W efekcie PiS otrzymał 27 mandatów, KE - 22, a Wiosna - trzy.

Pierwsze komentarze już przed końcem ciszy wyborczej
Dziennikarze, niektórzy politycy i specjaliści od badań od godz. 17-18 aluzyjnie podawali sondażowe wyniki głosowania. Poszczególne główne partie były nazywane aluzyjnymi określeniami.
Natomiast po godz. 20 pojawiły się pierwsze komentarze do wygranej PiS z KE. - Powiem tak, mnie to nie dziwi.

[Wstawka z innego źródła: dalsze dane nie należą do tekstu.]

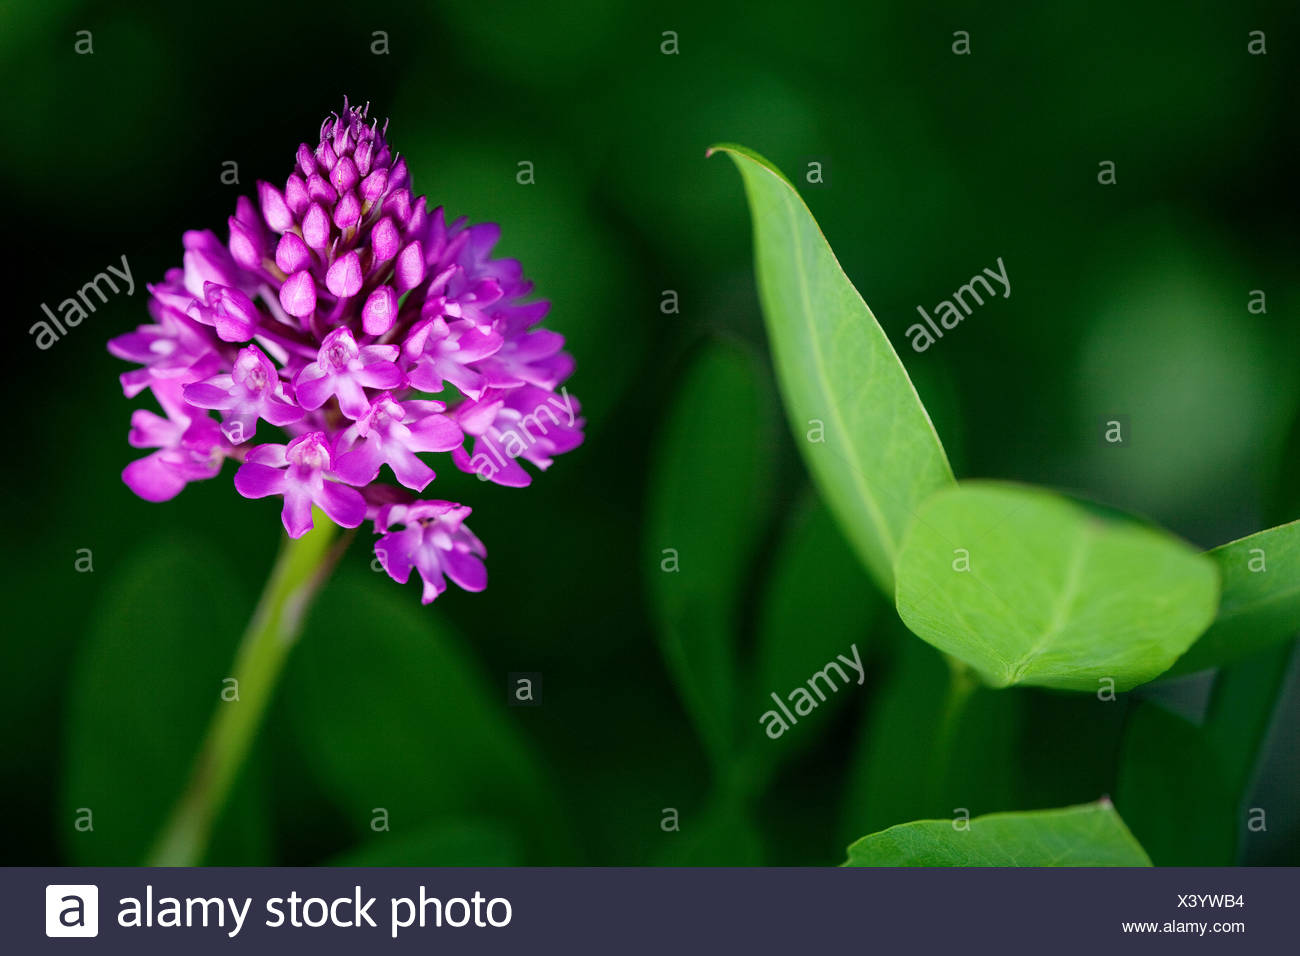 Pyramidal orchid (Anacamptis pyramidalis), Plitvice Lakes National Park, Croatia, Europe Stock Photo

Wystarczyło spojrzeć na kampanie jednej strony -stwierdziła już przed godz. 21 Joanna Miziołek z „Wprost”. - Jaką kampanię? - spytał ją Jacek Gądek z Gazeta.pl.

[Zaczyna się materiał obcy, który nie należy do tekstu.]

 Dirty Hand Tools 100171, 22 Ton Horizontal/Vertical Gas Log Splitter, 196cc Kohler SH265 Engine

- Bardzo ostrożnie powiem: twarze w TVP dużo weselsze niż w TVN - skomentował Rafał Ziemkiewicz z „Do Rzeczy”. - Wybory wyborami ale moment, kiedy siedząc w centrum słyszysz zawodzenie i z Czerskiej (przy tej ulicy mieści się siedziba Agory - przyp.) i Wiertniczej (tam jest siedziba TVN - przyp.) - jest po prostu uroczy - napisał Dawid Wildstein z TVP1.
Dziennikarze o sukcesie PiS, co dalej z KE?
Mnóstwo komentarzy na Twitterze pojawiło się zaraz po ogłoszeniu sondażowych wyników.
- Najkrócej o wynikach: jeśli ktoś się lepiej czuje z mówieniem, że umiera demokracja, że mniejszość rządzi większością, że nie ma to zgody, to robi to dla lepszego samopoczucia. Fakty są takie, że ogrom Polaków popiera działania PiS, a partia wygrywa w wyborach z całym antyPiSem. Można oczywiście krytykować politykę rozdawnictwa, źle przeprowadzane reformy itd., ale kurczę - jaka to dyktatura czy demokratura, skoro taki kierunek podoba się ponad 40 proc. zainteresowanych Polaków? Można się z ich wizją Polski nie zgadzać, ale nie należy się i ich obrażać - stwierdził Patryk Słowik z „Dziennika Gazety Prawnej”.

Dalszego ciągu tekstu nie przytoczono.